Tuesday, June 3, 2014

Types of Bankruptcies

Bankruptcies come in two flavors, liquidation and reorganization.  Most people who use the word bankruptcy are thinking of a simple Chapter 7 liquidation bankruptcy.  Chapter 7 cases are certainly the most popular type of bankruptcy; in New Mexico about 92% of all bankruptcies are Chapter 7 cases.  The national average is a little lower at 70%.  A Chapter 7 case is lightning quick by lawsuit standards; the whole thing takes about three months.

Reorganization bankruptcies are much less common.  The basic reorganization case is a Chapter 11 bankruptcy.  These cases are usually filed by large corporations or wealthy individuals.  This is the kind of bankruptcy filed by General Motors and Chrysler back in 2008, and locally by Doug Vaughan in 2010.  Streamlined and less expensive reorganizations exist for wage earners (Chapter 13) and family farmers (Chapter 12).  Reorganizations are also available for government units (Chapter 9) and foreign corporations (Chapter 15).  But those are pretty rare.  Most people, if they need a reorganization bankruptcy, choose Chapter 13, the cheapest and most streamlined version.

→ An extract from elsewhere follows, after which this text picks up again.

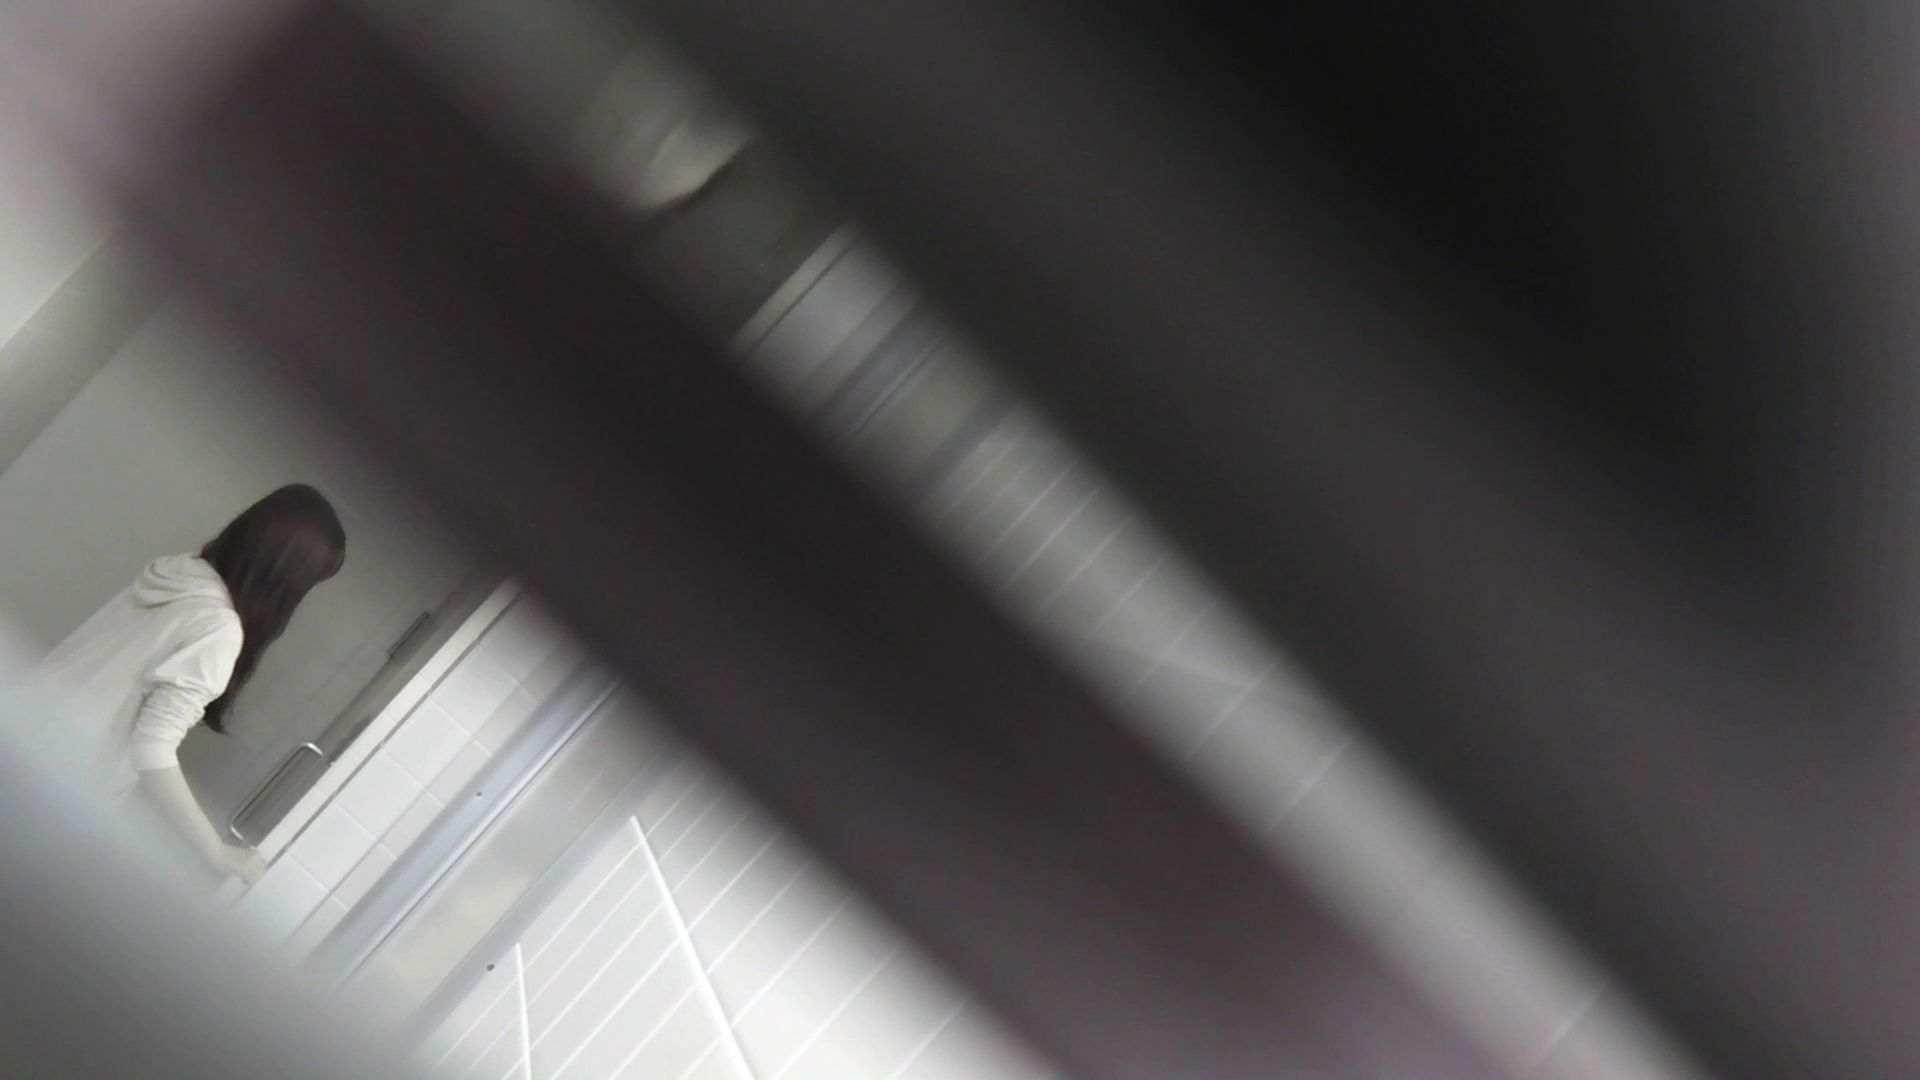 vol.09 命がけ潜伏洗面所! 残念!パンツについちゃいました。 パンツ大放出 盗み撮りオマンコ動画キャプチャ 91pic 83
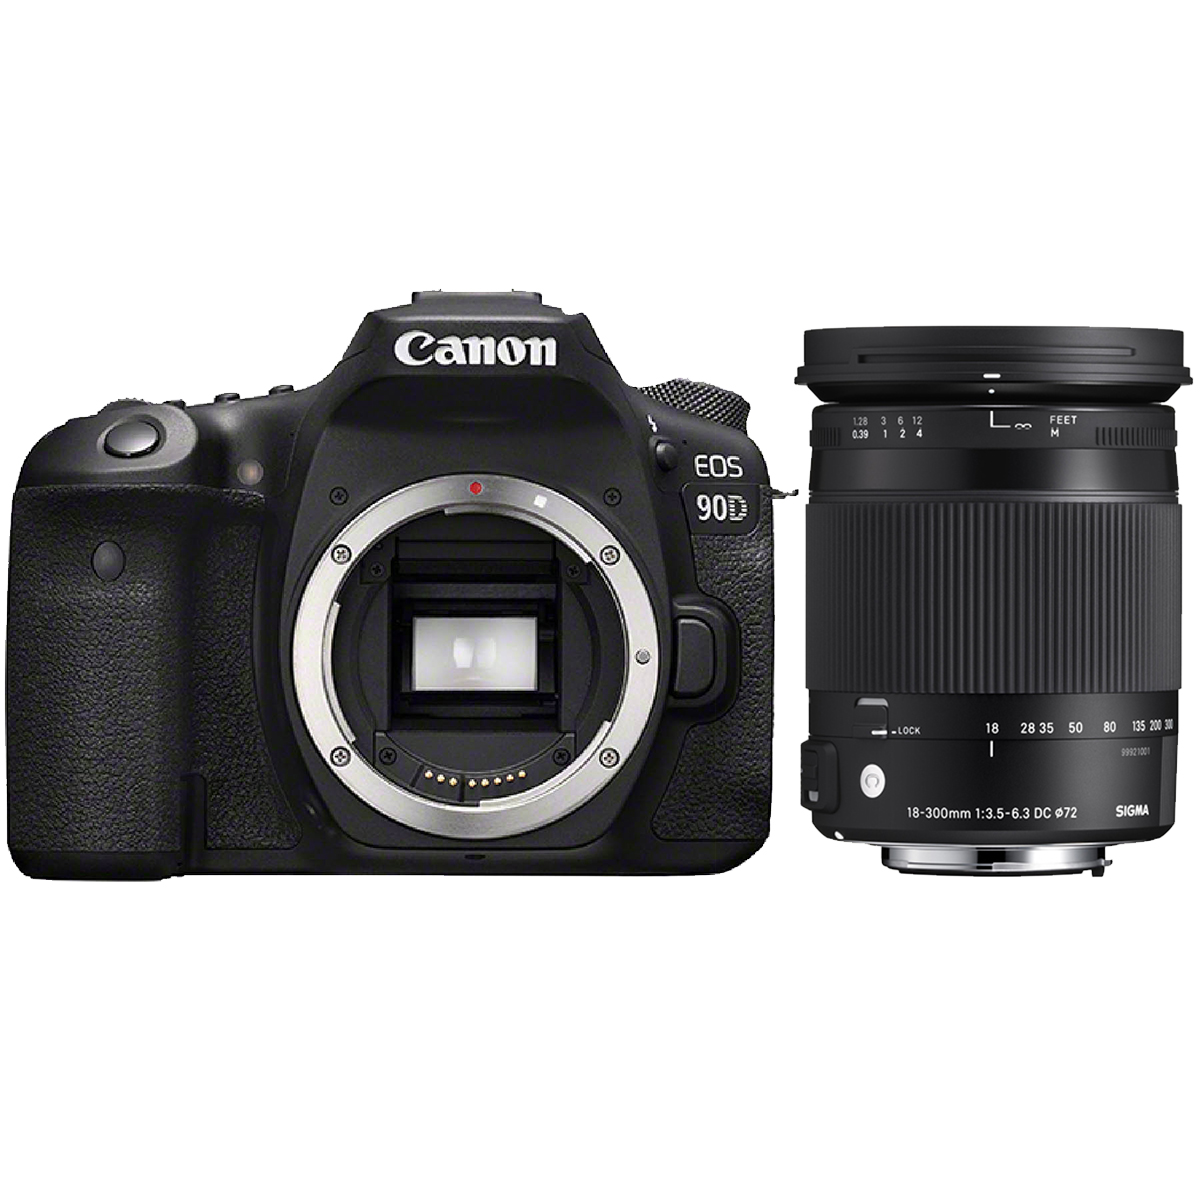 Canon EOS 90D + Sigma 18-300mm 3,5-6,3 DC Makro OS HSM C

I see two main reasons why people choose Chapter 13 cases instead of a cheaper, quicker, easier Chapter 7 case.  First, they aren't eligible for Chapter 7.  This could be because they filed a previous Chapter 7 case within 8 years, or because their income is too high for Chapter 7 and they fail the "means test".  I could talk about the means test for days, but that is the subject of another post.  The second reason is people who are behind on their mortgages but still want to save their homes from foreclosure.  Chapter 13 allows you to force the mortgage company to let you catch up slowly.  Given the horrible abuses of the well intended mortgage modification programs by the big banks, and the generic unresponsiveness of large financial institutions, it can be extremely appealing to file a Chapter 13 and force the mortgage company to follow your instructions for once.

All bankruptcies start out the same way, with 50-60 pages of disclosure about your finances.  The price of a bankruptcy discharge is full disclosure.  We will list everything you own, everyone you owe, answer a lot of narrative questions, provide a projected future budget and complete the means test.  For Chapter 7 cases, that is almost everything you have to do (there is a brief meeting of creditors to attend, and the rare possibility of a challenge to your discharge).  For reorganization cases you start with these disclosures, but then you have to file a plan and start making payments into the system.  Those payments are used to repay creditors in part or sometimes in full according to a complicated formula of priority.  So the main difference between Chapter 7 cases and Chapter 13 cases is three to five years of payments.

Chapter 7 is clearly the most bang for the buck.  Even a modest plan payment under Chapter 13 of $500 per month is a total payout to creditors of $30,000 over five years.  If it is a close call whether you are eligible for Chapter 7 or not, you can see that the stakes can be pretty high.  Chapter 13 cases are particularly hard on self employed people or folks with seasonal changes in income because Chapter 13 really is intended for steady, regular income earners.  But properly designed, a Chapter 13 reorganization is an invaluable tool for people in certain situations.